What is needed:
In the listing below, find the line containing "2.35ct Ruby Cocktail" and the line containing "CHANEL(USED)샤넬 클래식 반지갑 A48980", then copy exactly everything from the first through the second, except the pictures.
++++ Records provided
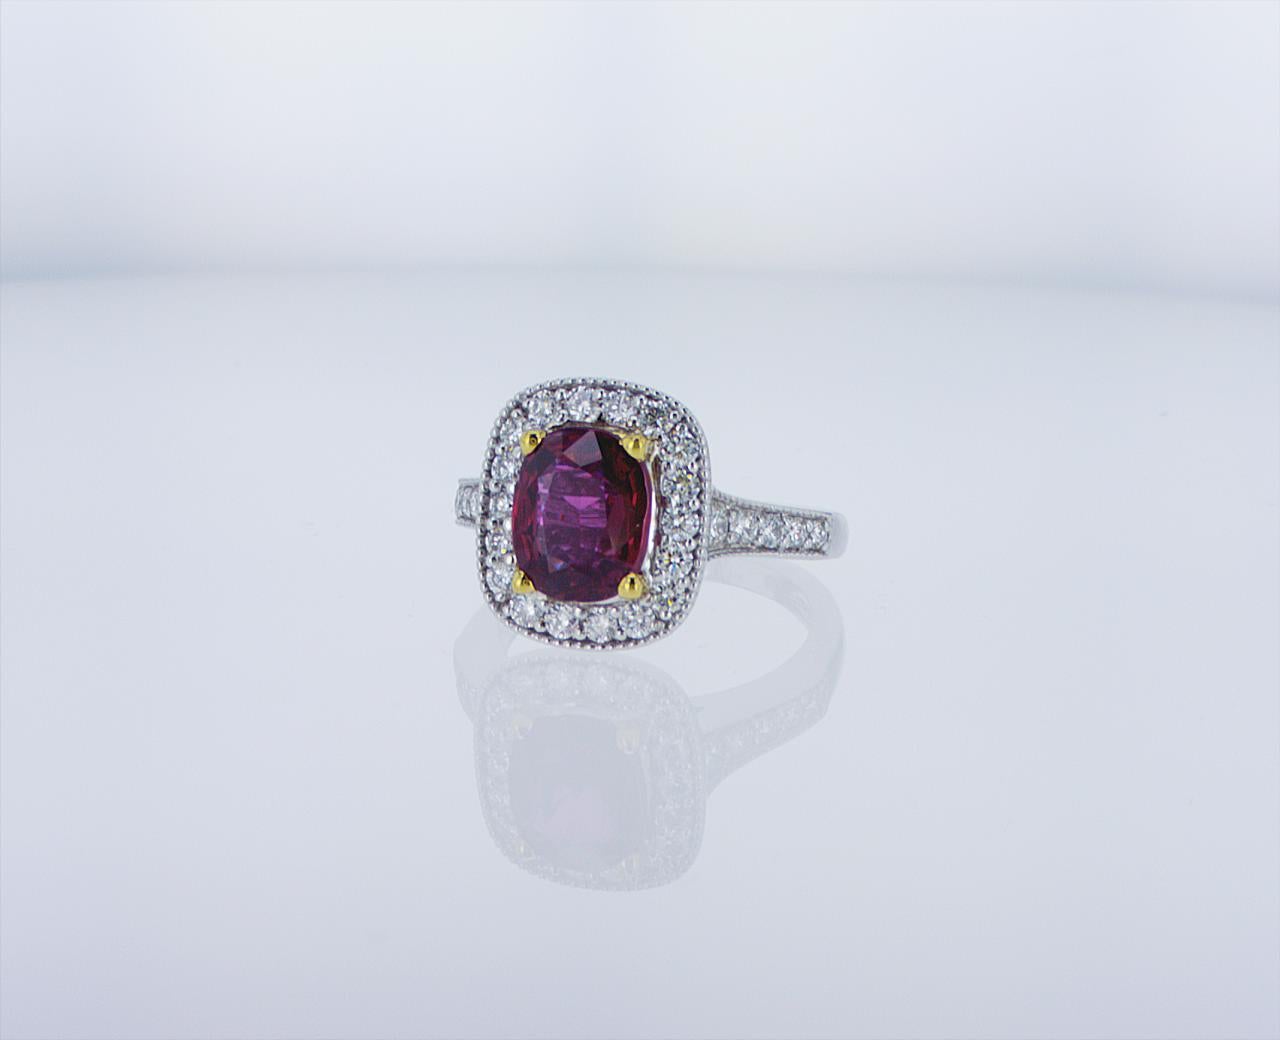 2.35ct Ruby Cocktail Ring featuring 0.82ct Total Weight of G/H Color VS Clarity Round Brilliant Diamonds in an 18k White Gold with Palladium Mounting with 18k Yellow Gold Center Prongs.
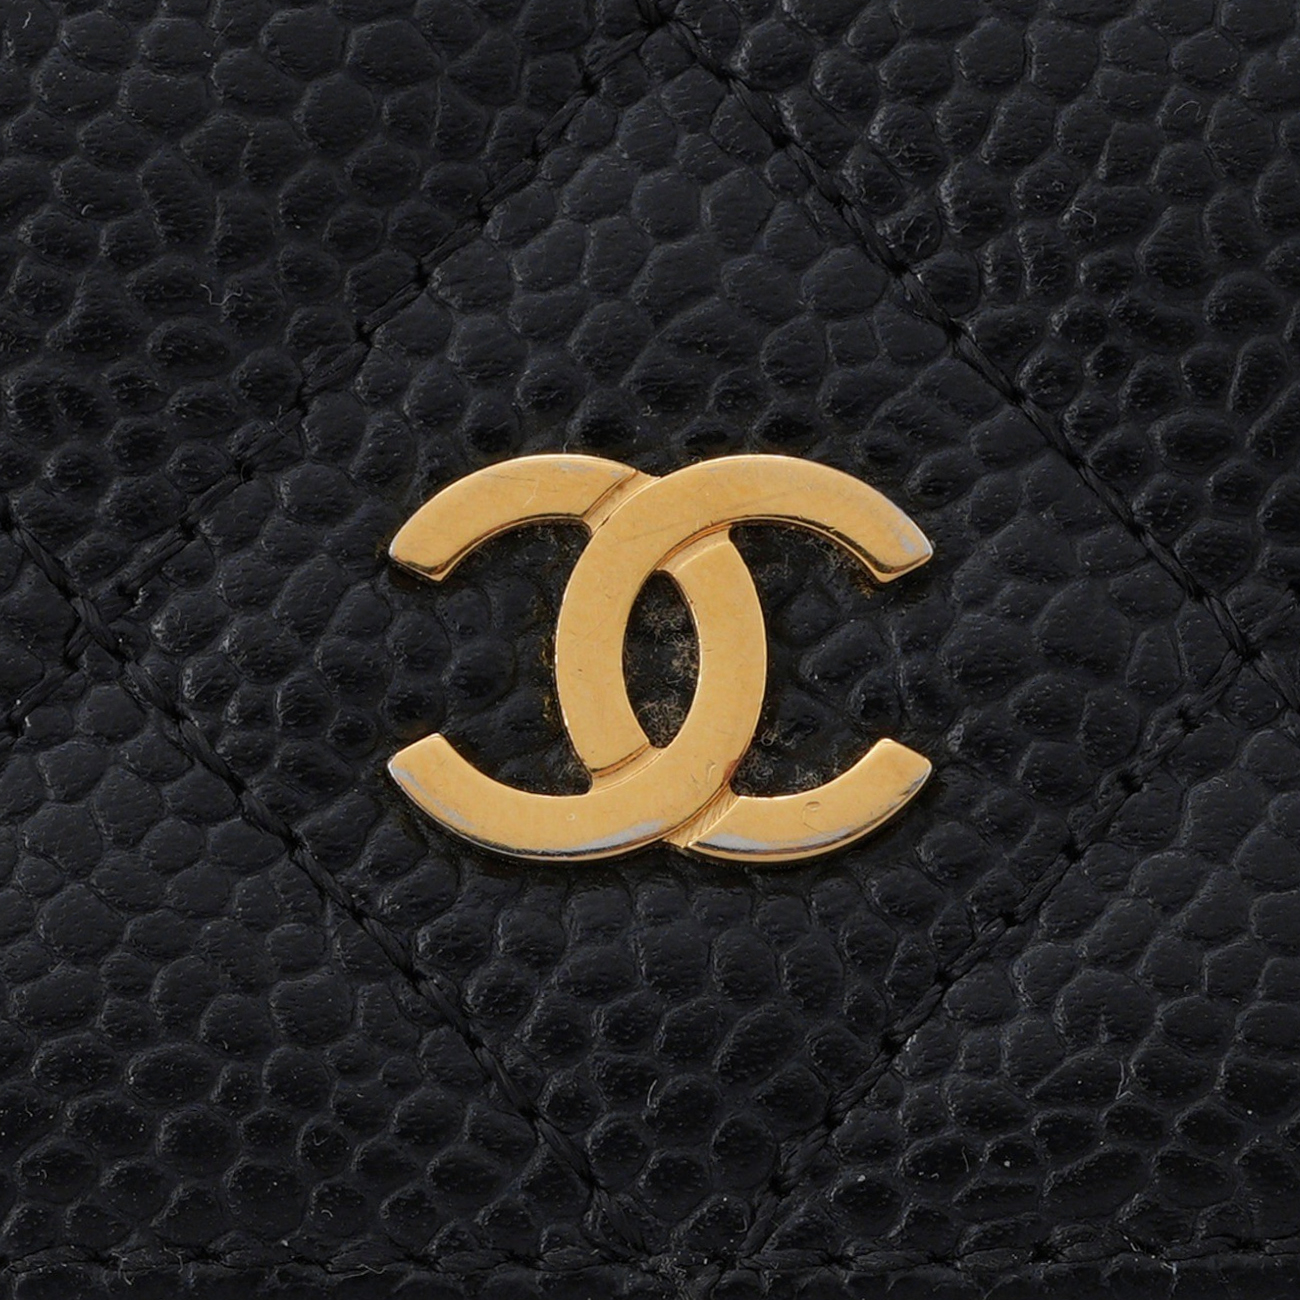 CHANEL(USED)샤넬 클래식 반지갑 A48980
++++++++
++++ Records provided
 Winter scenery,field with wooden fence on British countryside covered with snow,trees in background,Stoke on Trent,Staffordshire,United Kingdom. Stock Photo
++++++++
Exercise output:
 2.35ct Ruby Cocktail Ring featuring 0.82ct Total Weight of G/H Color VS Clarity Round Brilliant Diamonds in an 18k White Gold with Palladium Mounting with 18k Yellow Gold Center Prongs.
 CHANEL(USED)샤넬 클래식 반지갑 A48980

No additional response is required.